__ASSIGNED TASK__. From the line containing "cricket_pavilion_1967_team_0001.jpg" down to the line containing "dac111b05c How The", copy out the entries below exactly, both lines included, and nothing else; pictures do not belong in the copy.

__DATA EXTRACT__.
<<<<

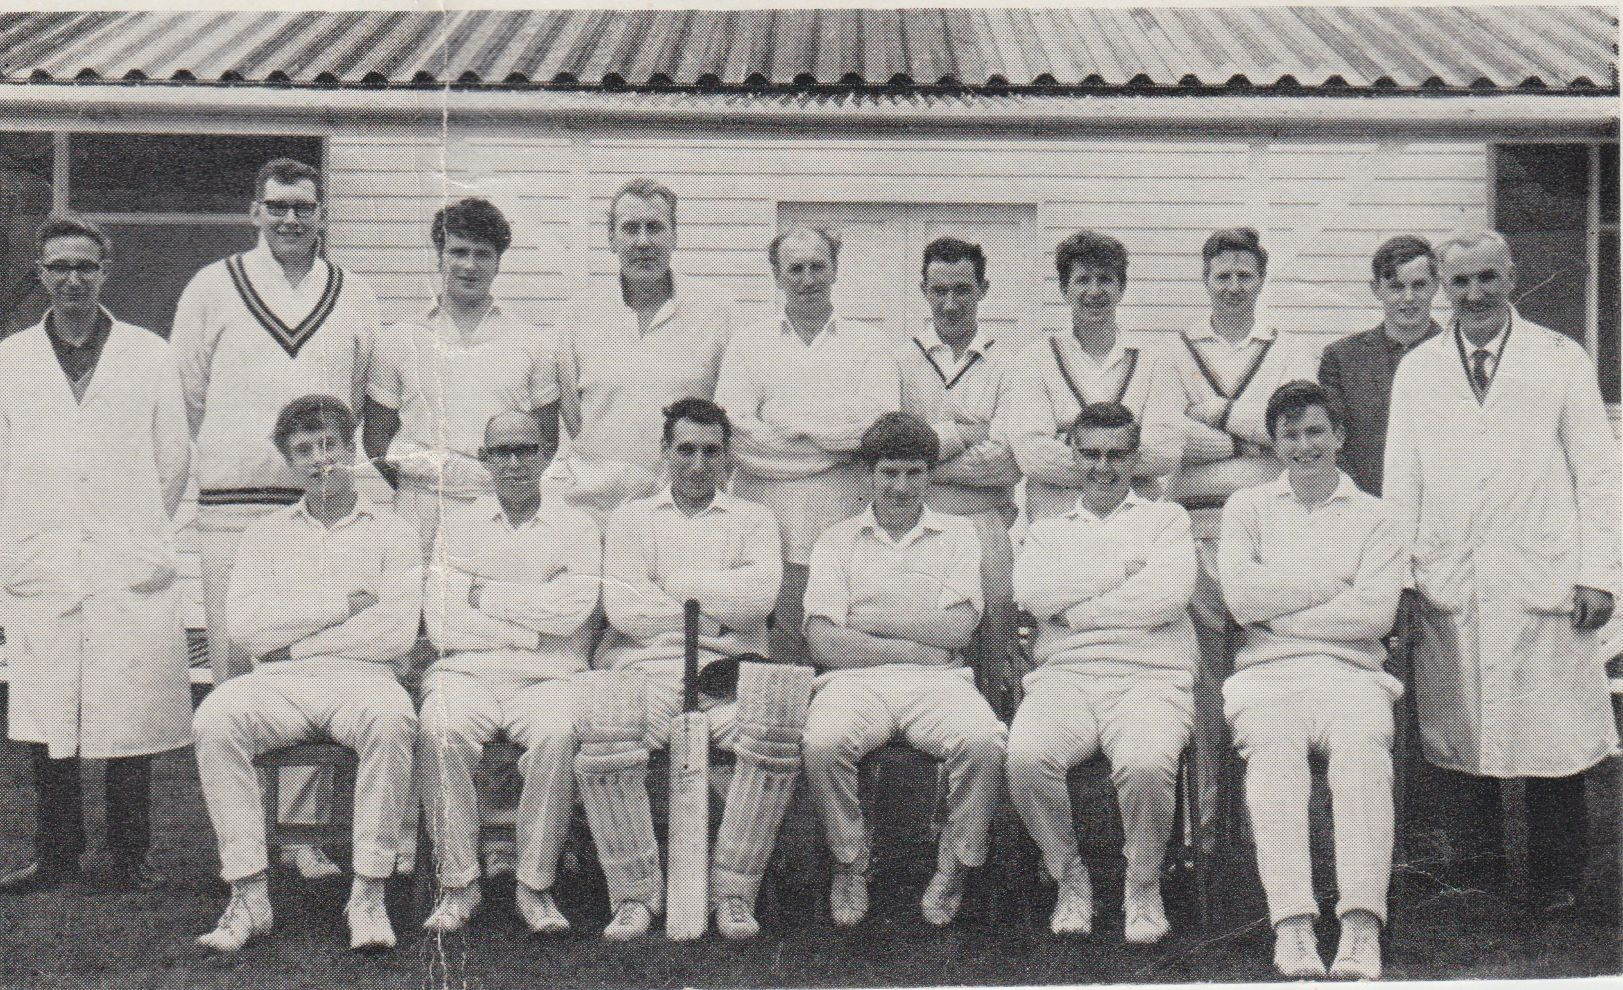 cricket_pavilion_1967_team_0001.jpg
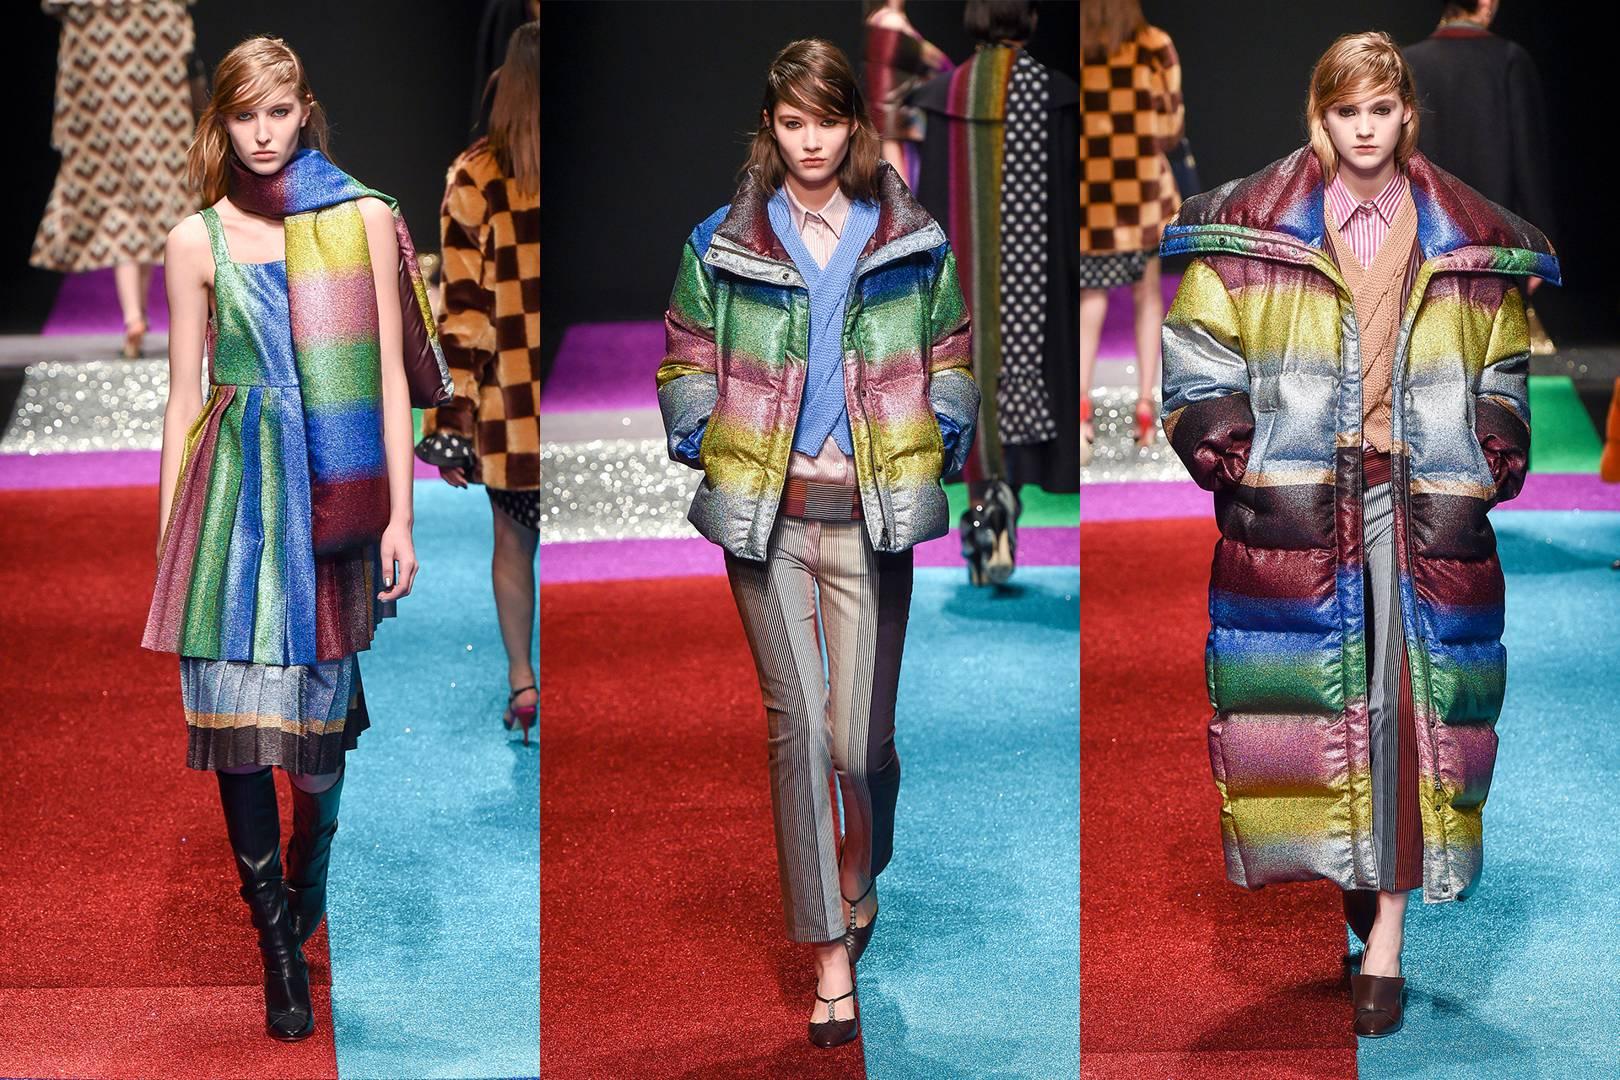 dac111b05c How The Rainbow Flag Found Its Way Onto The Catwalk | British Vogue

>>>>
<<<<

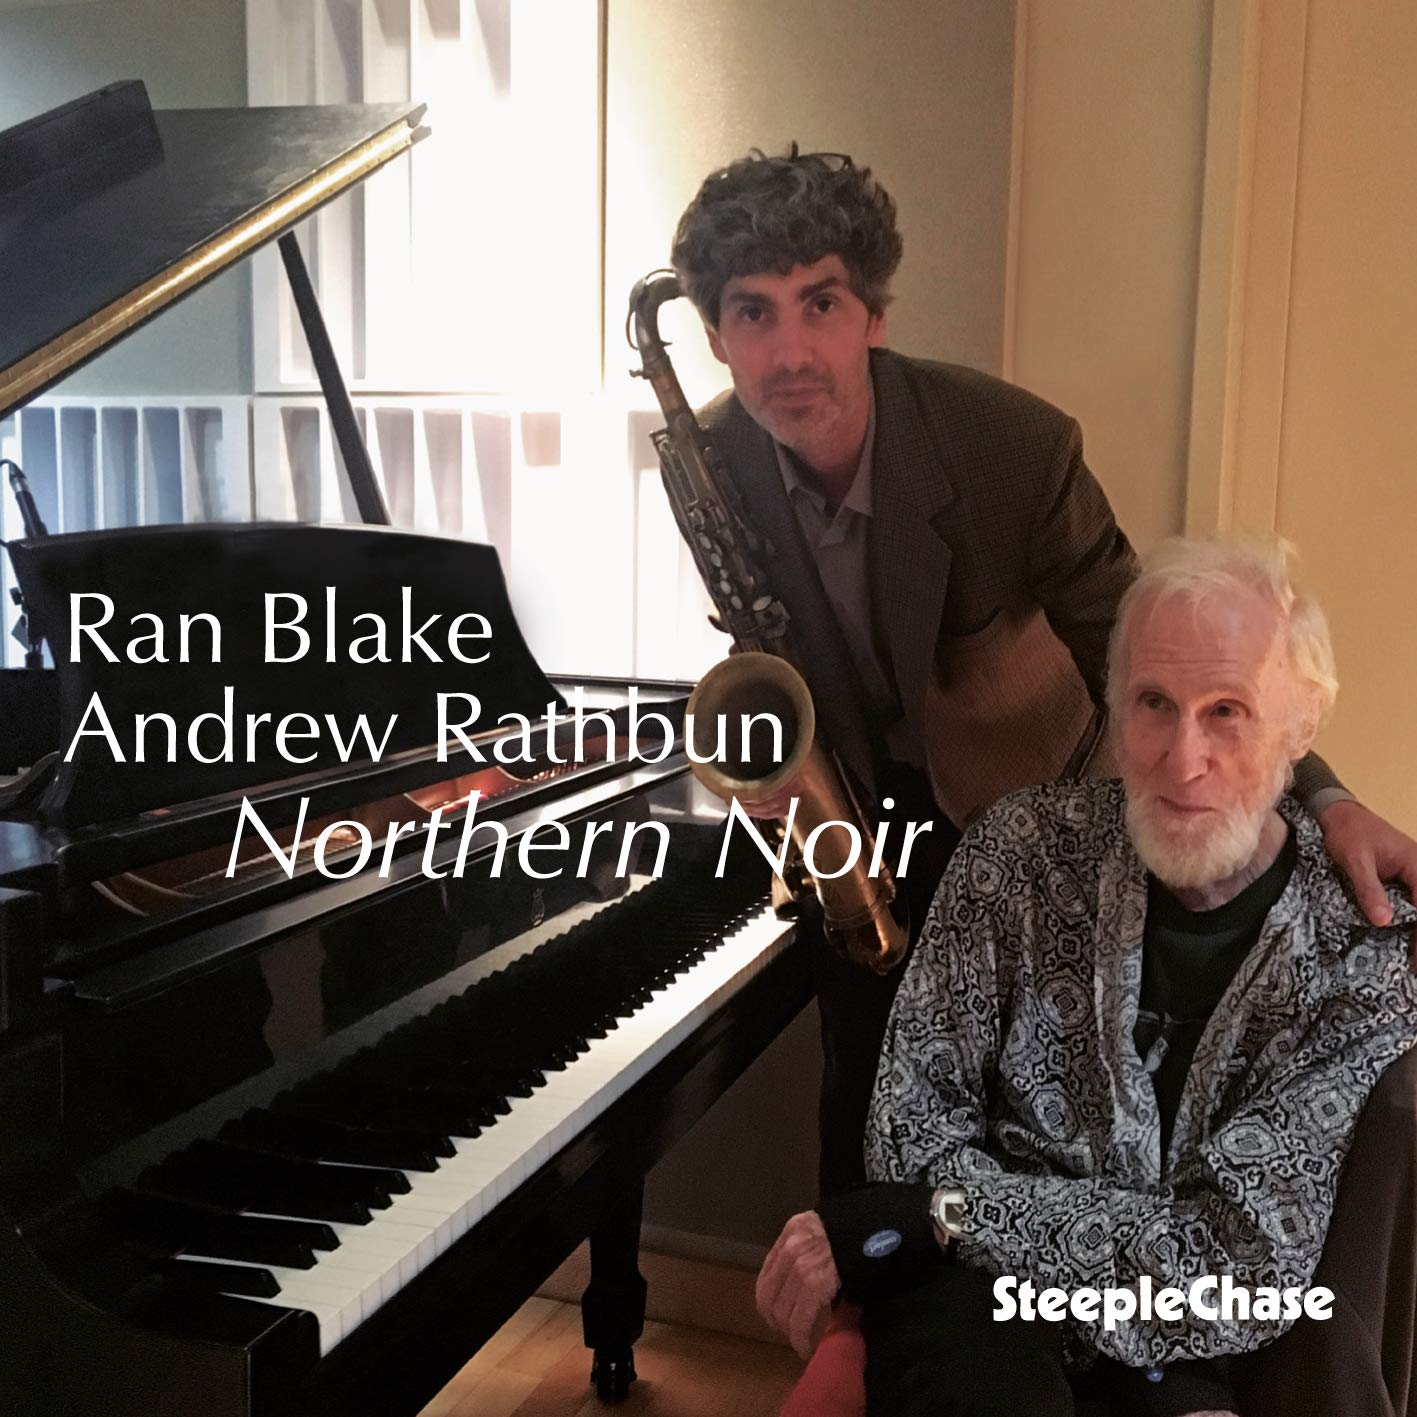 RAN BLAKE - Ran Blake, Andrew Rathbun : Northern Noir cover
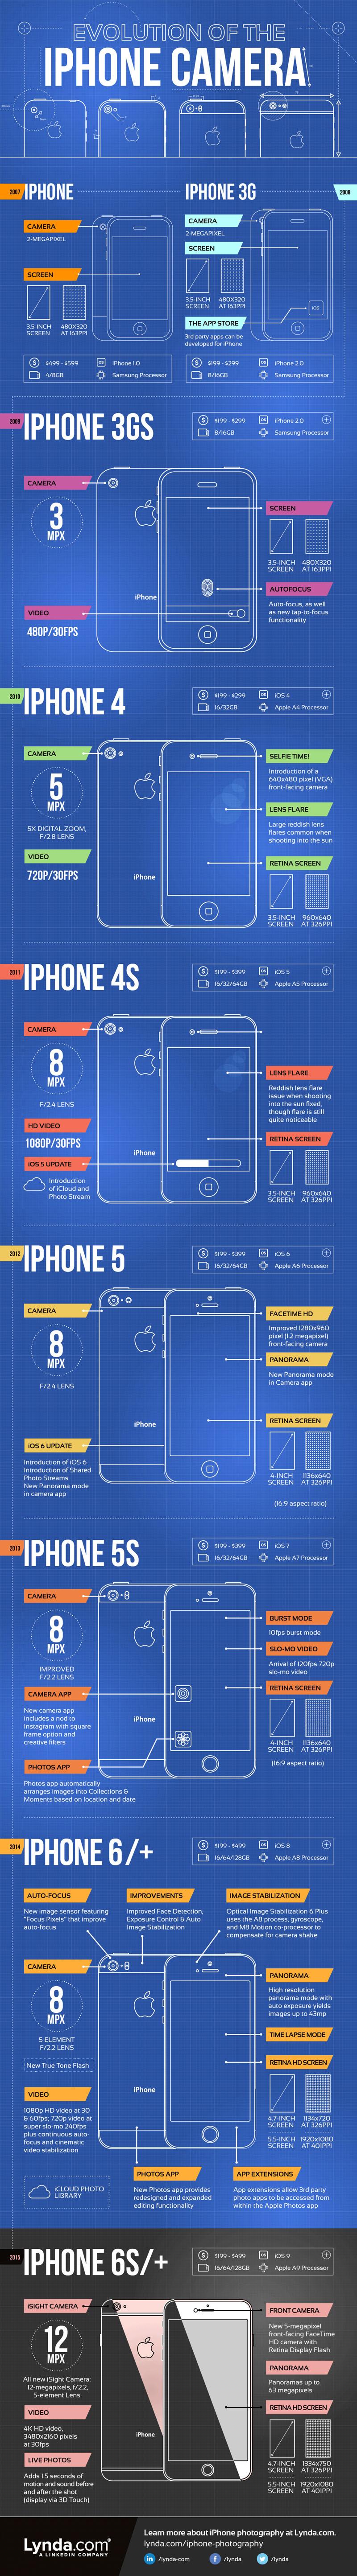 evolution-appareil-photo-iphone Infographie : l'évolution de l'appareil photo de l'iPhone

>>>>

__TASK RESPONSE__.
 cricket_pavilion_1967_team_0001.jpg
 dac111b05c How The Rainbow Flag Found Its Way Onto The Catwalk | British Vogue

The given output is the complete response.